Running deep learning models on microcontrollers is not exactly a run-of-the-mill task due to resource limitations of microcontrollers. Such systems are typically designed for low-power, low-cost embedded systems with minimal processing power and memory. Machine learning algorithms, especially deep learning models, often require significant computational resources and memory.
One of our clients is Nomo Smart Care:
The Nomo system is for caregivers who want to make sure a loved one is OK. The Nomo system uses sensors, not cameras, to monitor in-home motion. Data from sensors is sent to the Nomo mobile app and allows you, or a circle of trusted caregivers, to check in on your loved one from anywhere, any time.

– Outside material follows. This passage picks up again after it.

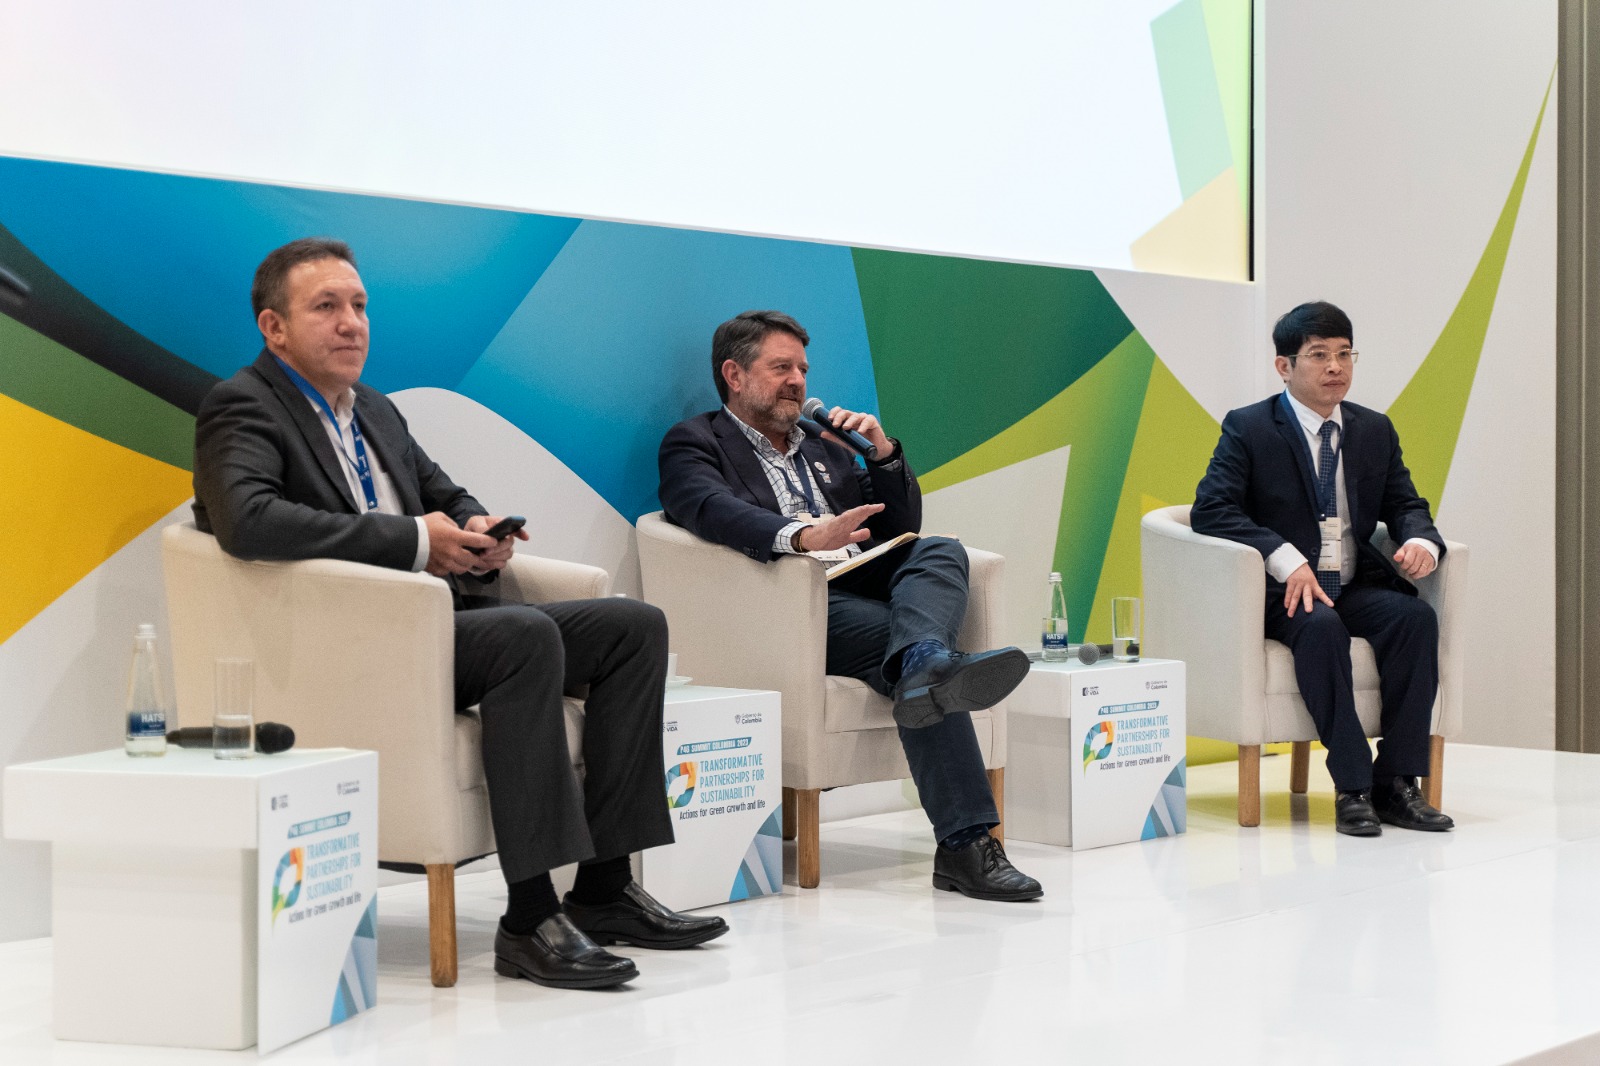 Líderes mundiales y empresarios debatieron sobre los desafíos de las ciudades sostenibles en la Cumbre P4G

Besides various other sensors, Nomo can utilize microphones to try to paint a picture of what is going on in the home of a care recipient. For example, if fire alarm is going off, this is probably something a caregiver should know about. Since Nomo cares deeply about privacy, no audio recordings are allowed to exit users’ homes. Hence, audio classification must be performed on edge devices. In particular, the target system is based on ESP32-PICO meaning that we are working with the following constraints:
- 240MHz 32-bit CPU, and
- 2MB PSRAM Nomo can utilize.
Luckily, LiteRT for Microcontrollers (formerly known as TensorFlow Lite for Microcontrollers) has been ported to ESP32 architecture allowing us to run basic machine learning models on low-resource devices.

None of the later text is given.